> [Task] Only the lines from the one containing "Jak dobrze rozplanować" through the end of the listing are to be repeated, exactly and without pictures.

> [Input data]
--- START ---

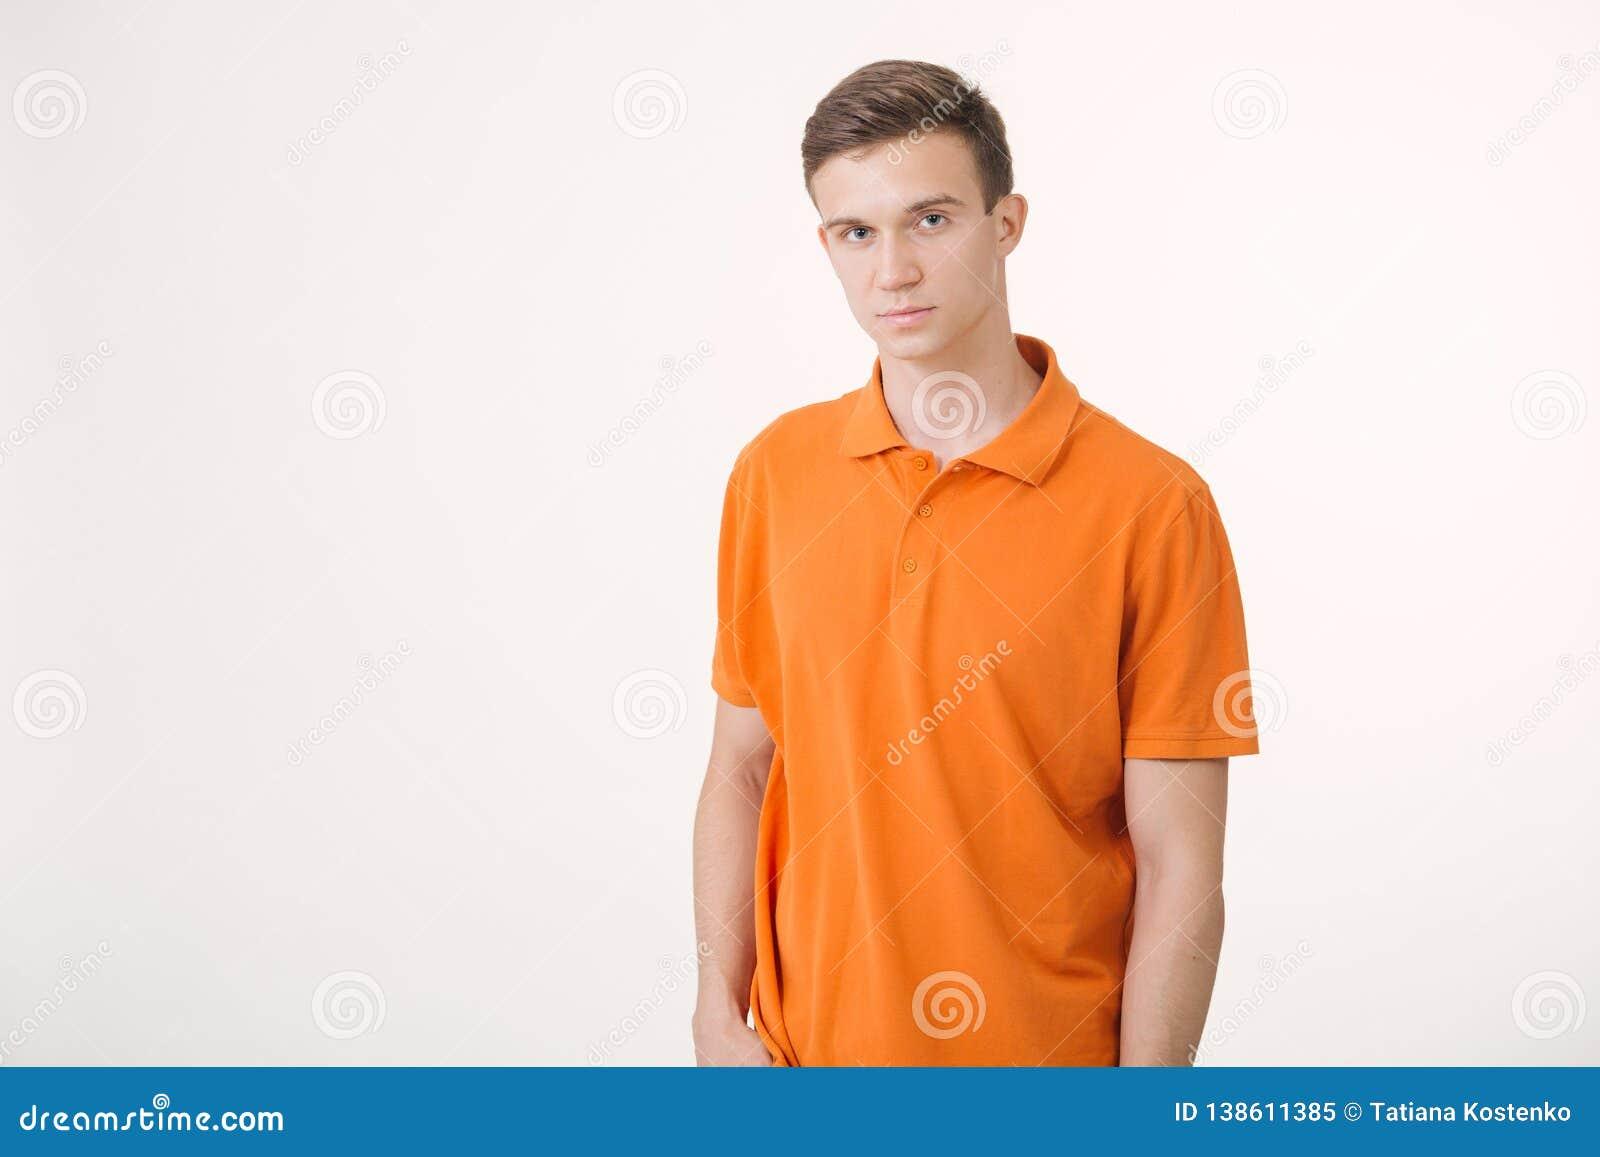 Portrait de l homme châtain bel utilisant la chemise orange semblant la position paisible au-dessus du fond blanc
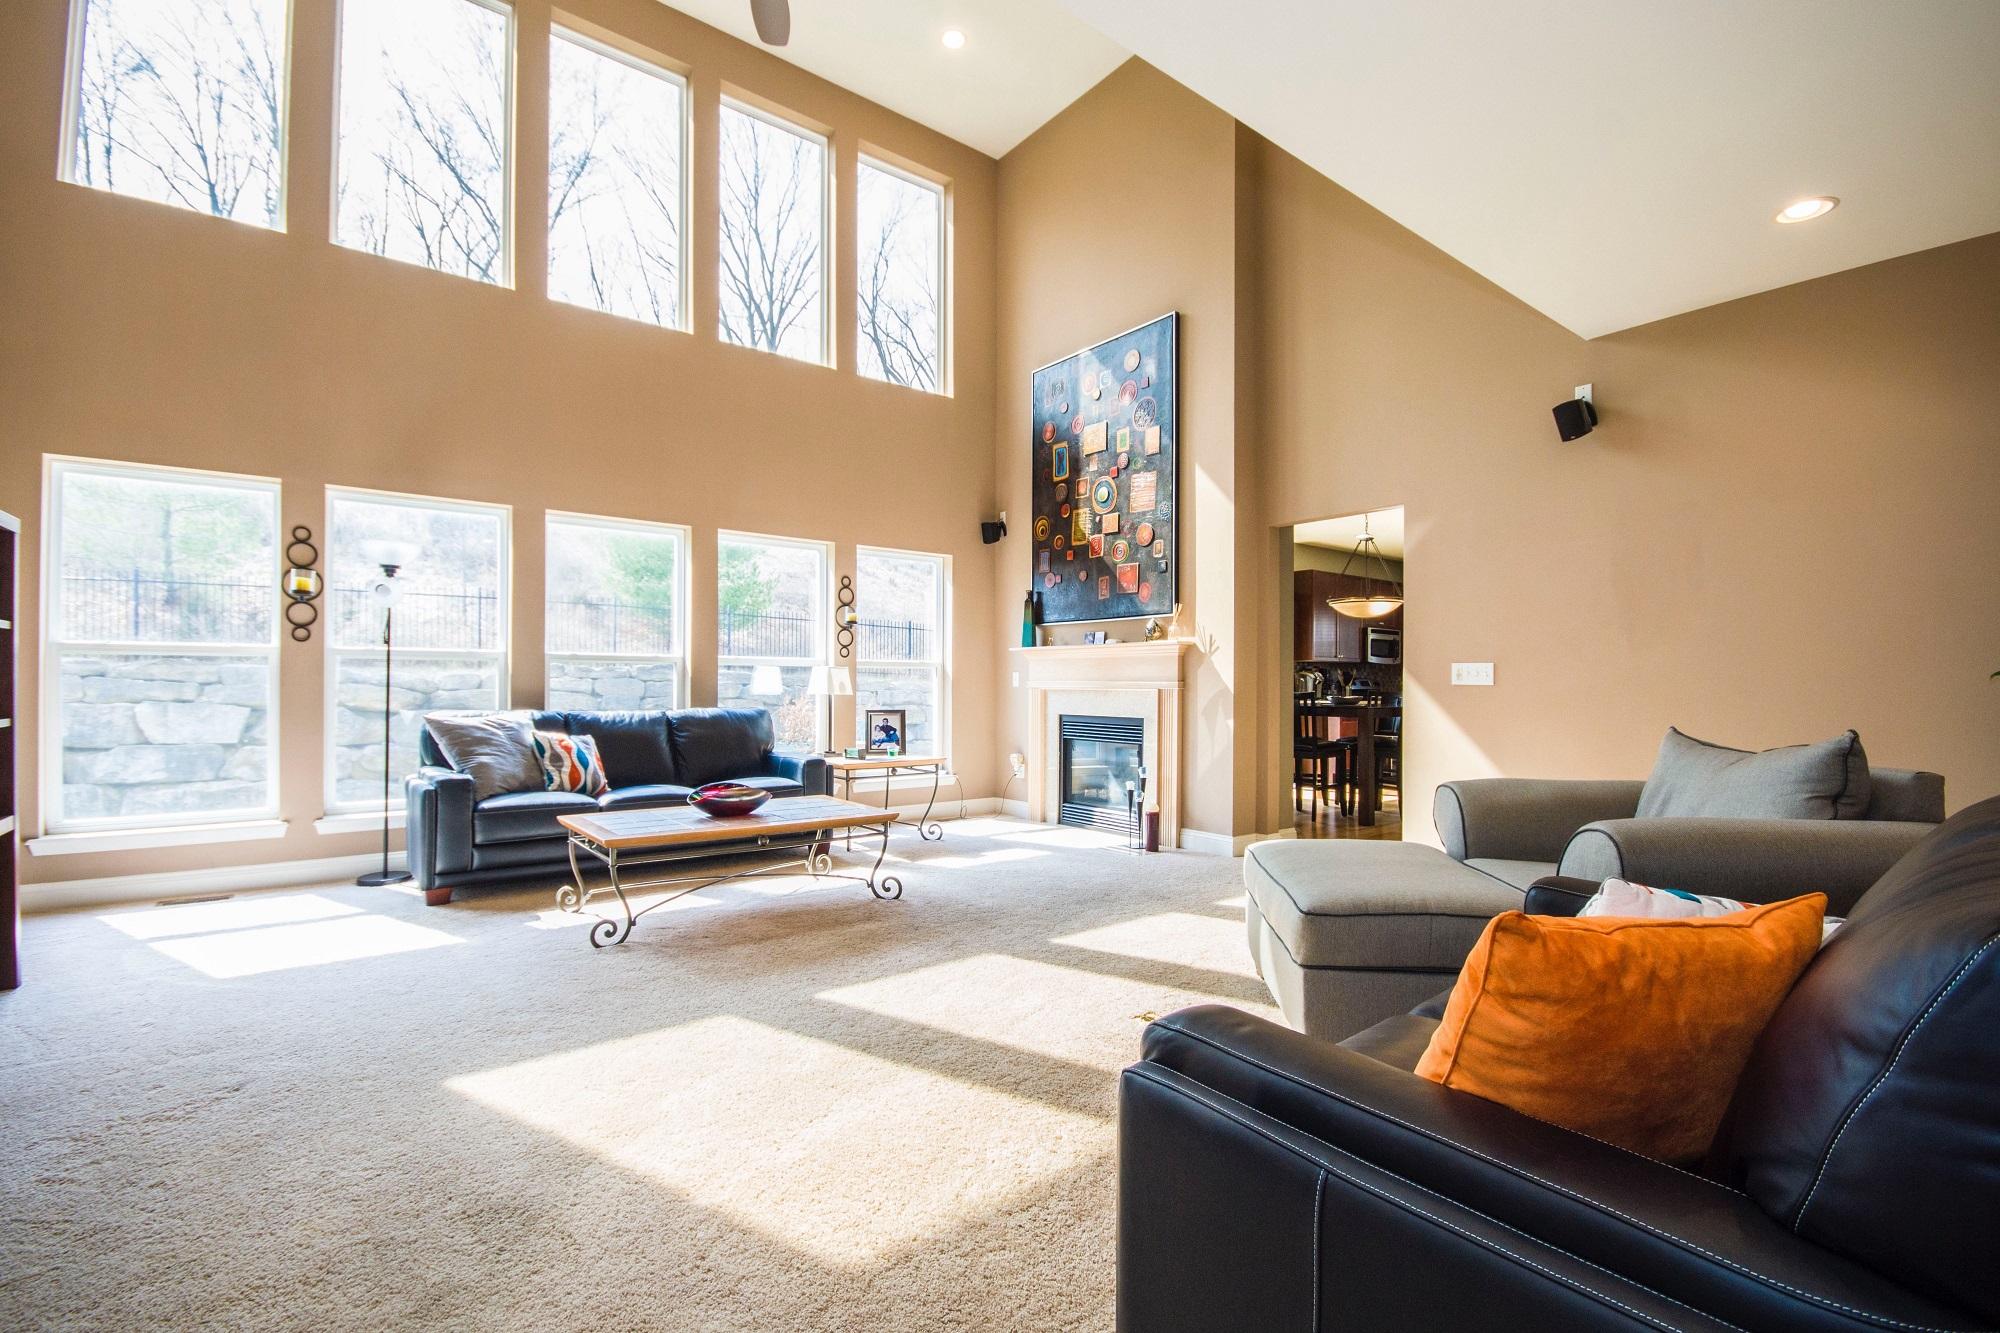 Jak dobrze rozplanować przeszklenia? Optymalna liczba i powierzchnia okien w domu.
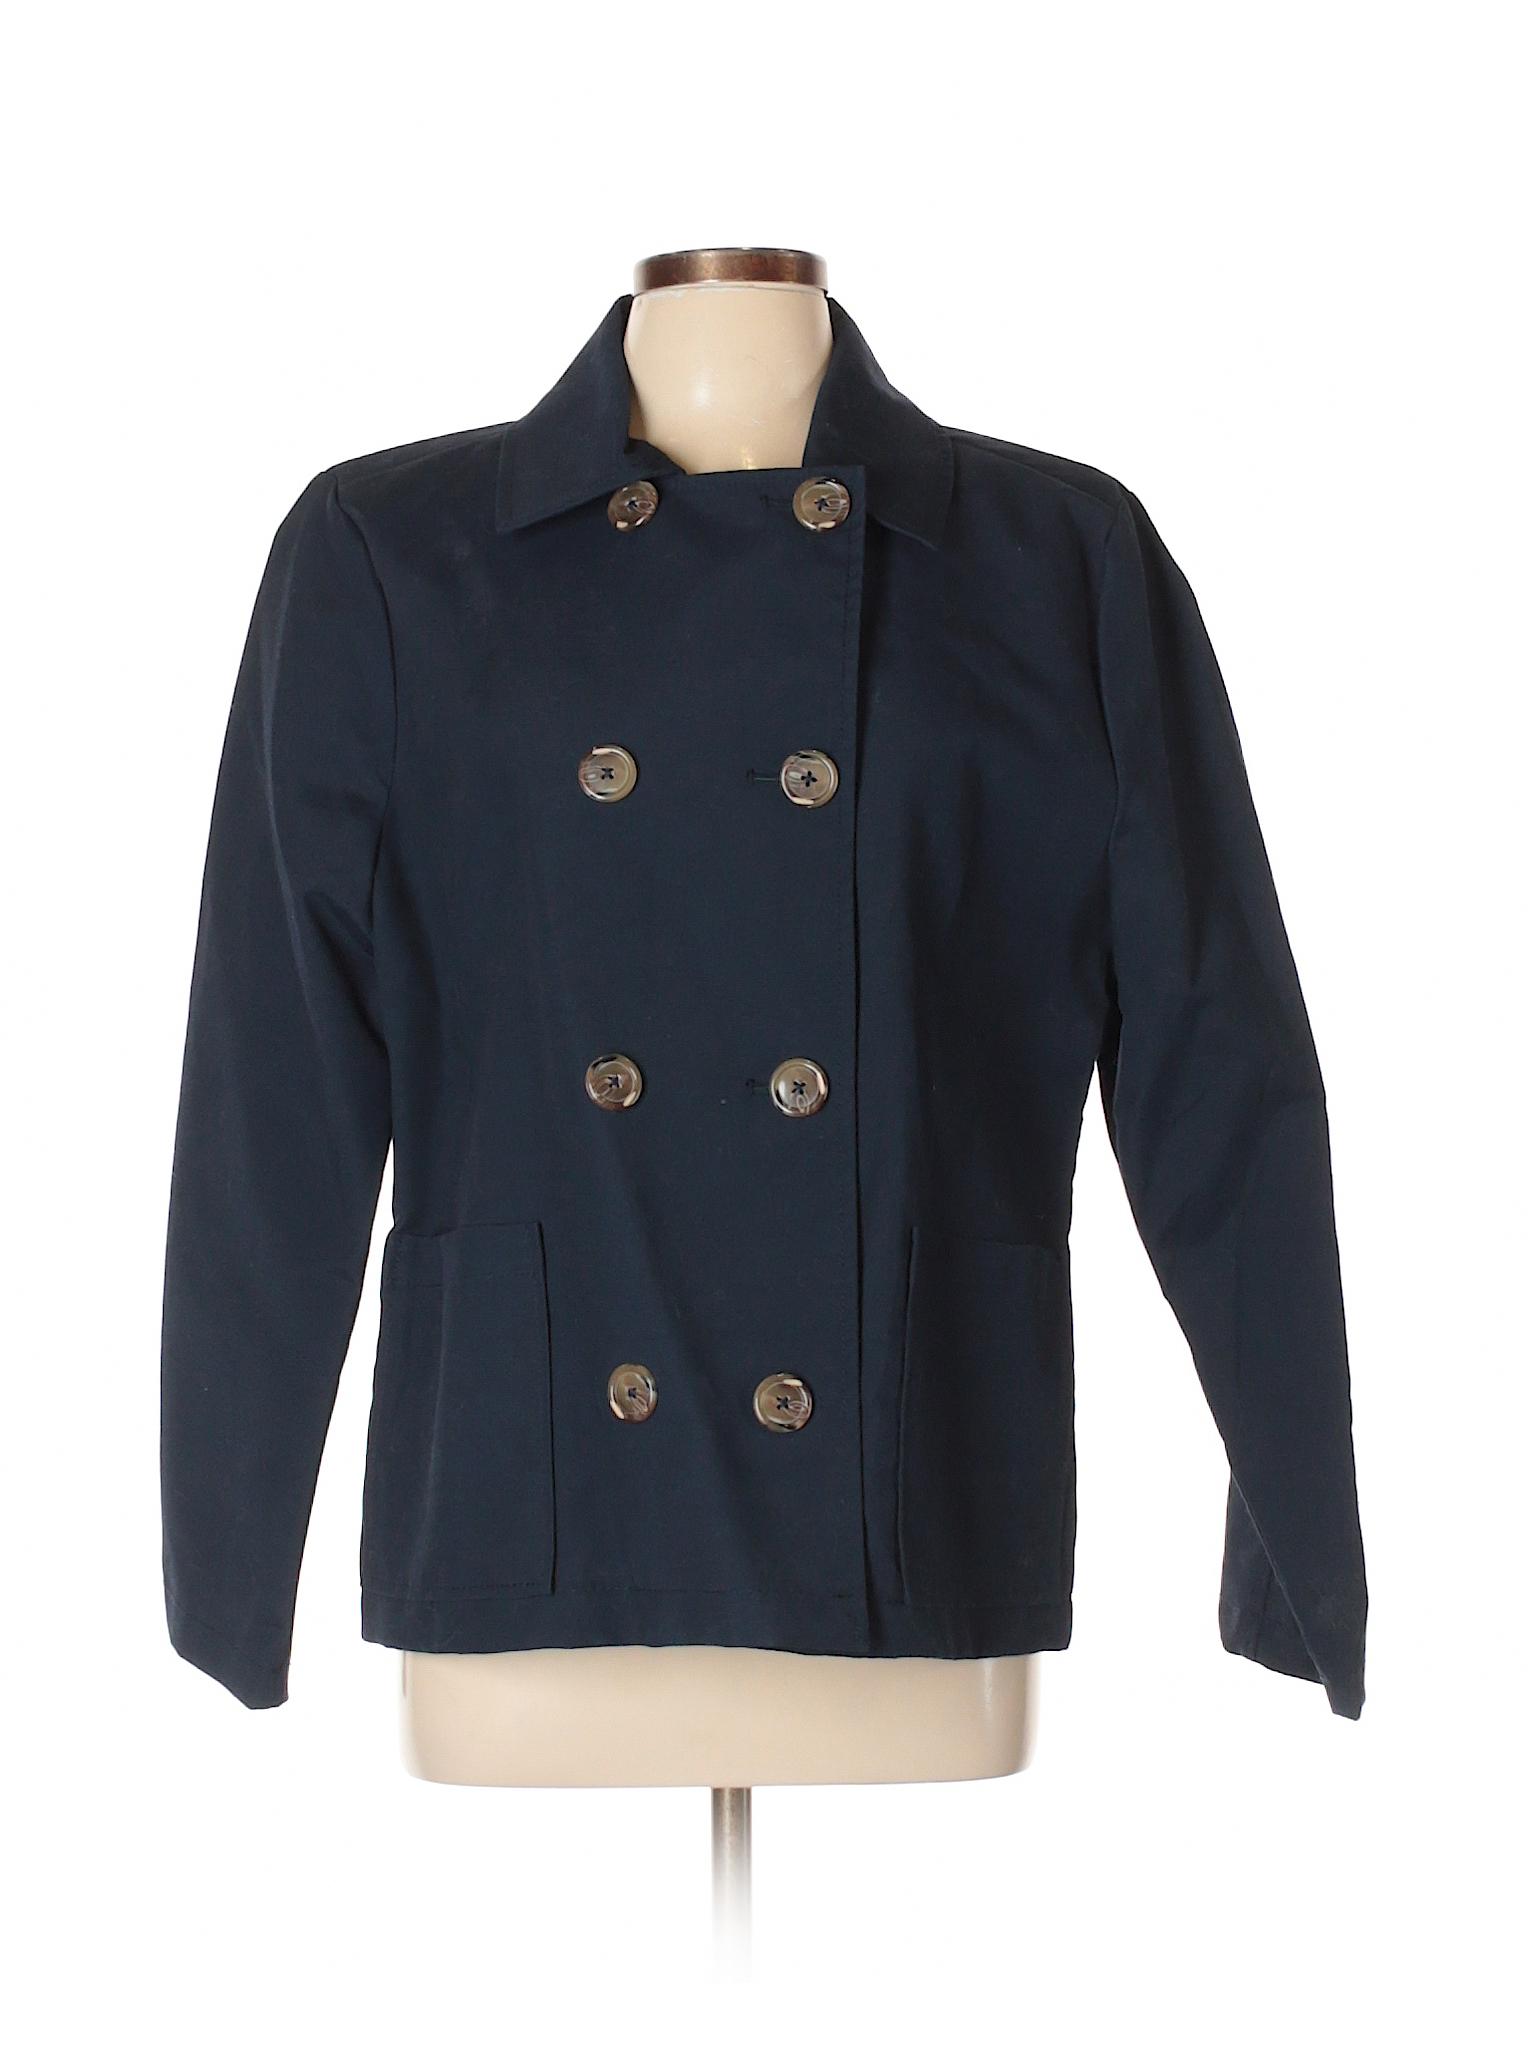 leisure Boutique Boutique leisure Navy Boutique Old Boutique Coat Coat Coat Old Navy Old leisure Navy PSPqwxgvr

--- END ---

> [Output of the task]
 Jak dobrze rozplanować przeszklenia? Optymalna liczba i powierzchnia okien w domu.
 leisure Boutique Boutique leisure Navy Boutique Old Boutique Coat Coat Coat Old Navy Old leisure Navy PSPqwxgvr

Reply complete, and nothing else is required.